Fitting 5 folds for each of 1280 candidates, totalling 6400 fits
The best precision score is 0.8511730370184265
... with parameters: {'criterion': 'entropy', 'max_depth': 25, 'max_leaf_nodes': 164, 'min_impurity_decrease': 0.0007000000000000001, 'min_samples_leaf': 15, 'min_samples_split': 125}


In [17]:
c_matrix = confusion_matrix(y_test, grid_search.predict(X_test))
TP = c_matrix[1][1]
TN = c_matrix[0][0]
FP = c_matrix[0][1]
FN = c_matrix[1][0]
print(f"Accuracy={(TP+TN)/(TP+TN+FP+FN):.4f} Precision={TP/(TP+FP):.4f} Recall={TP/(TP+FN):.4f} F1={2*TP/(2*TP+FP+FN):.4f}")
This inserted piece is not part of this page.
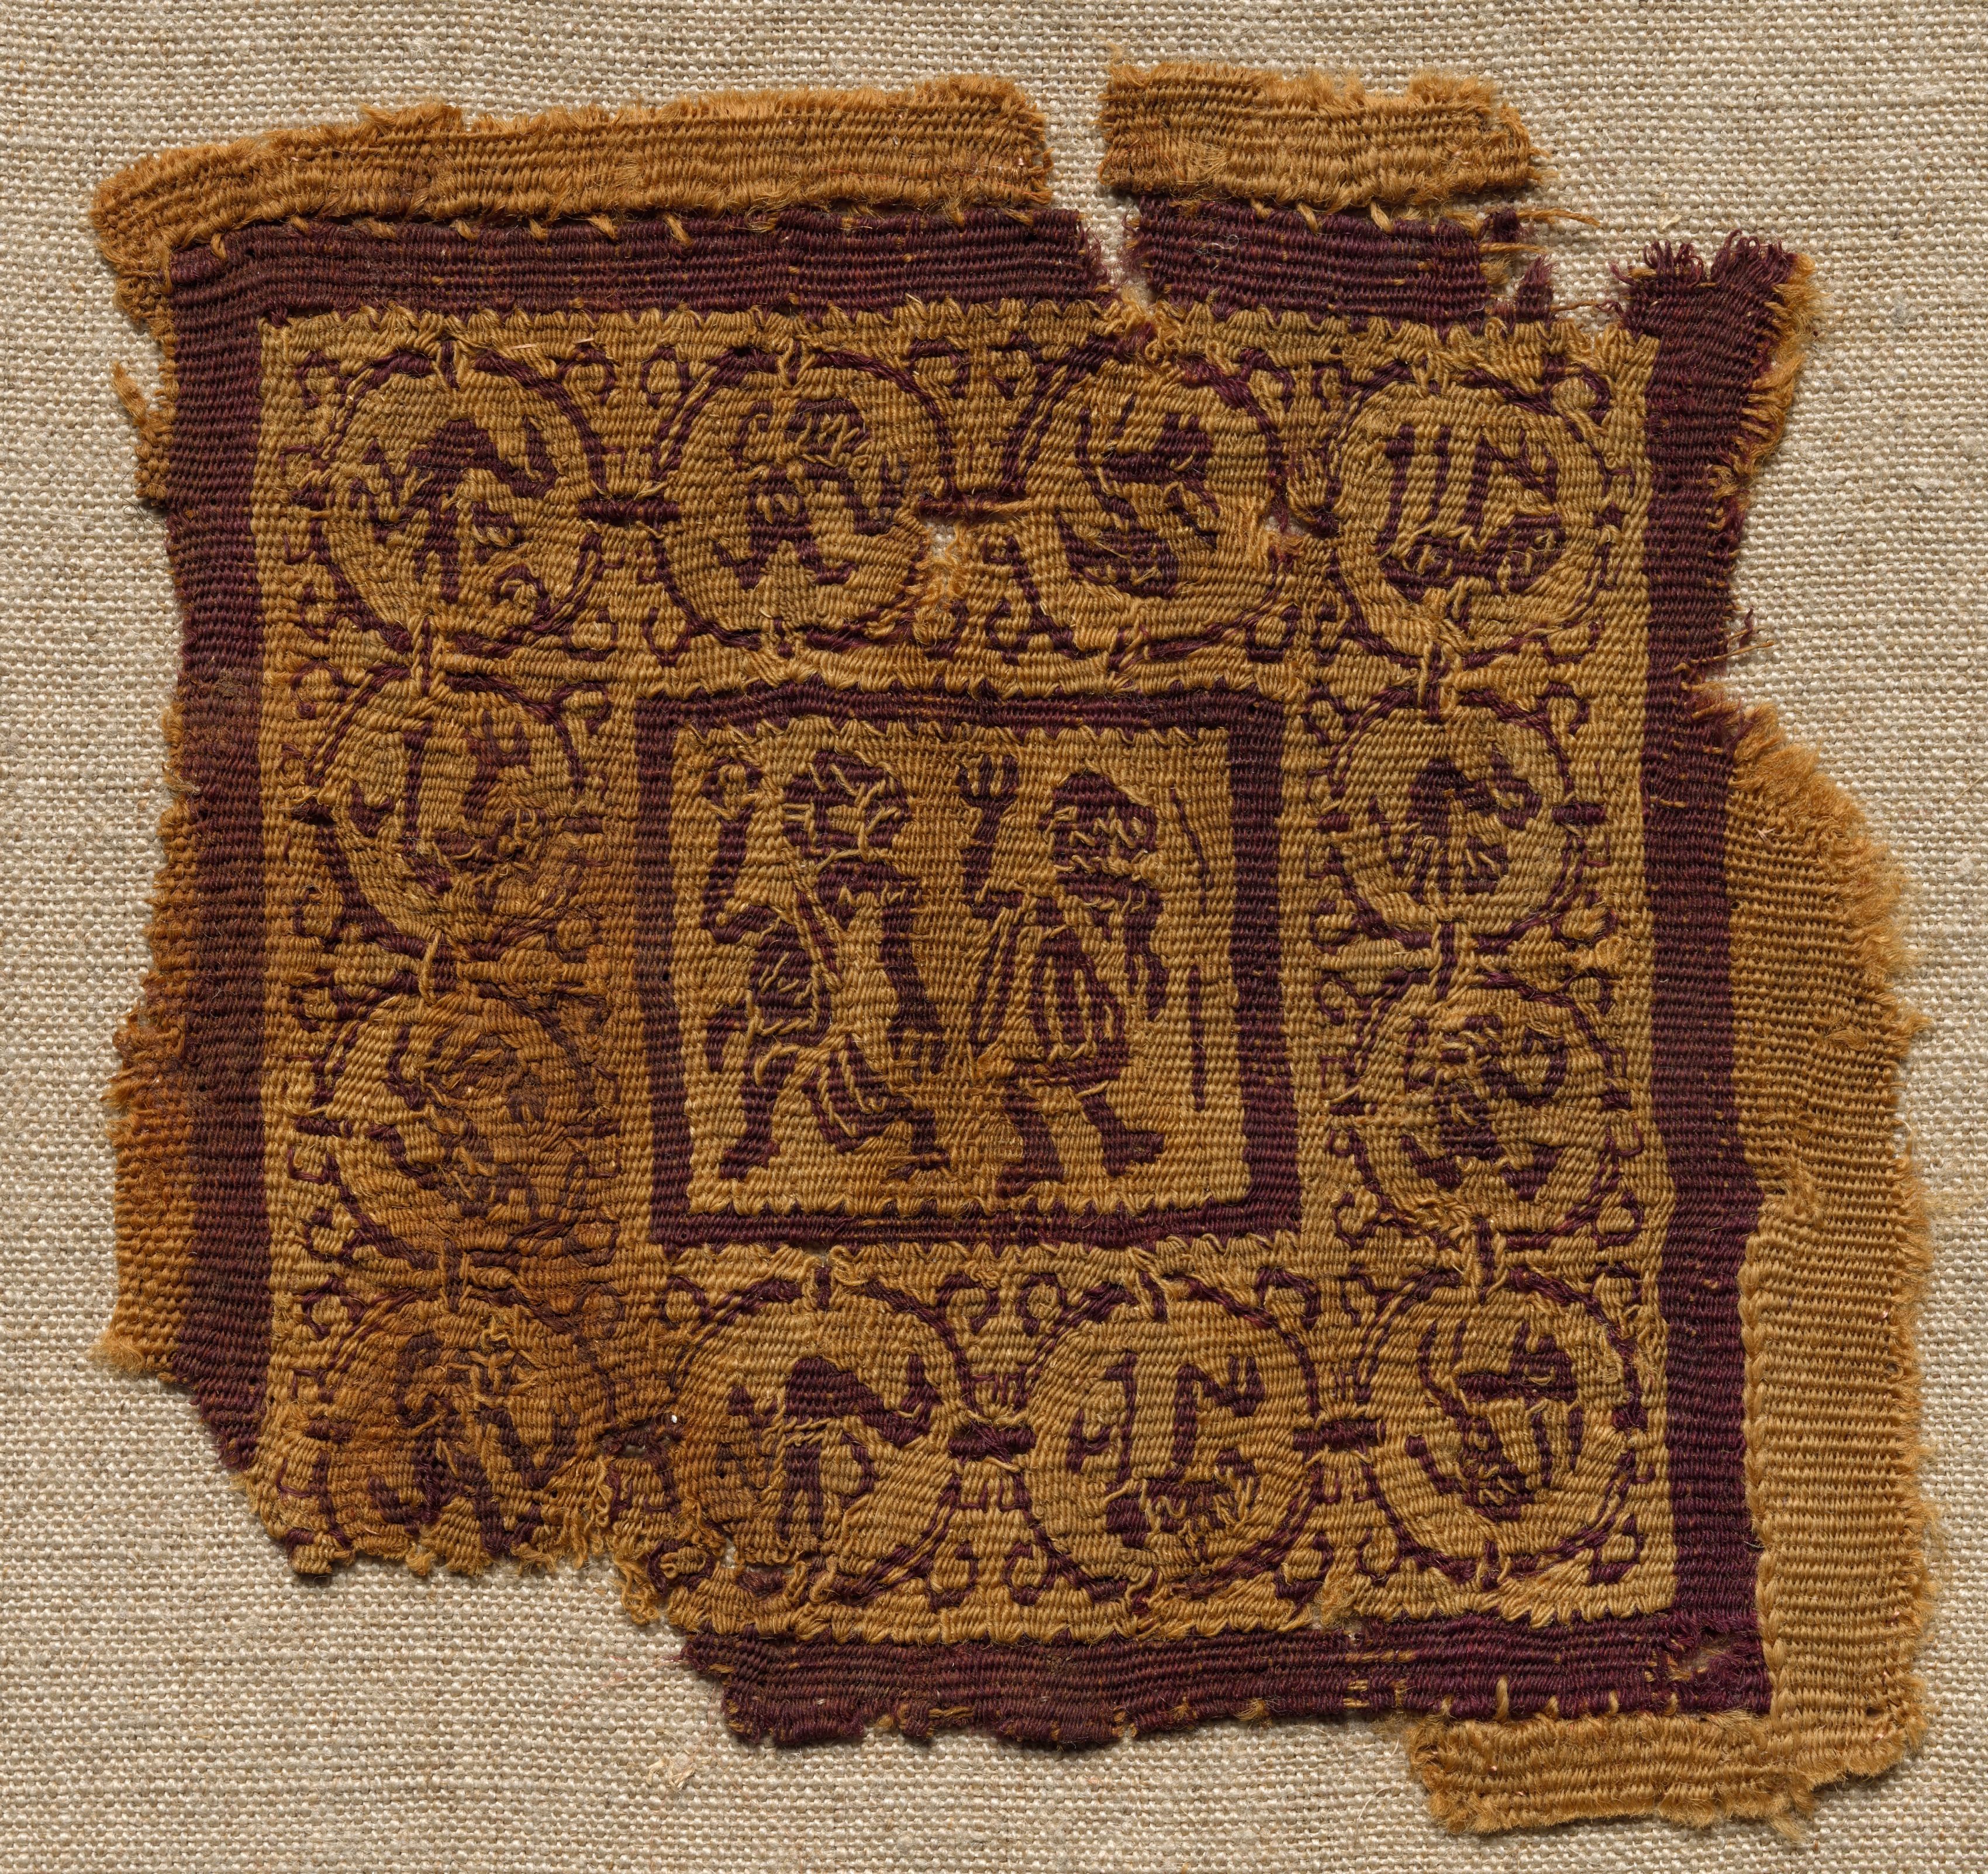 Fragment, with a Segmentum, from a Tunic
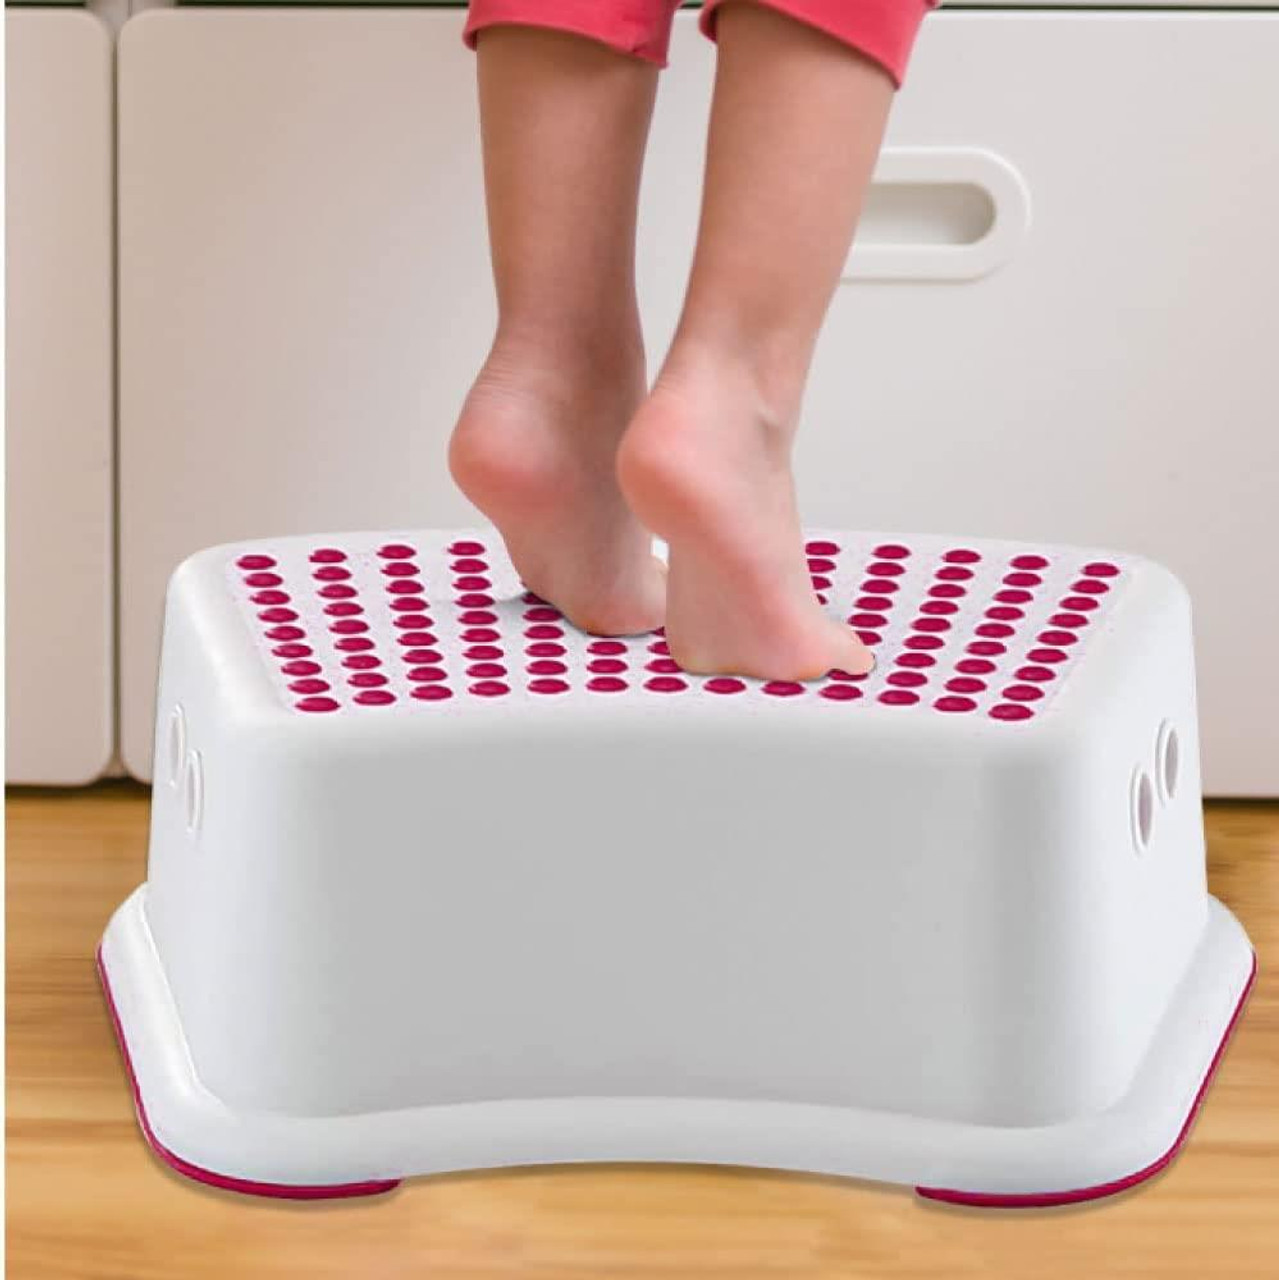 SPICOM Plastic Child Foot Step Stool Anti-Slip Cover on Top With For Children kids with a Max Weight of 77 lb Pink /White

Accuracy=0.8379 Precision=0.8185 Recall=0.8663 F1=0.8417


* Importance of features

In [18]:
np.round(grid_search.best_estimator_.feature_importances_,2)

array([0.  , 0.  , 0.06, 0.1 , 0.64, 0.01, 0.01, 0.06, 0.  , 0.  , 0.01,
       0.  , 0.  , 0.02, 0.01, 0.  , 0.01, 0.  , 0.  , 0.  , 0.  , 0.  ,
       0.  , 0.  , 0.  , 0.01, 0.03, 0.  , 0.  , 0.  , 0.  , 0.  , 0.  ,
       0.  , 0.01, 0.  , 0.  , 0.  , 0.  , 0.  , 0.  , 0.  , 0.  , 0.  ,
       0.  , 0.  , 0.  , 0.  , 0.  , 0.  , 0.  , 0.  , 0.  , 0.  , 0.  ])

### Summary of Further Exploration

* Above, we have done grid search using cross validation to further optimize the decision tree model again with precision as scoring measure.

* Here we have used Grid search with 5-fold cross validation. The grid search iterates over all possible combinations of hyperparameters within the specified ranges and evaluates each model's performance using precision as the scoring metric. The best precision score and the corresponding best parameters are printed in the output.

* Comparision of performance with respect to the confusion matrix results -

    * By observation, I can say that results obtained after the grid search did not result in any improvement or deterioration in the performance metrics compared to the previous results. The precision, recall, accuracy, and F1 score remain the same. It suggests that the model's performance did not significantly change after fine-tuning the hyperparameters using the grid search.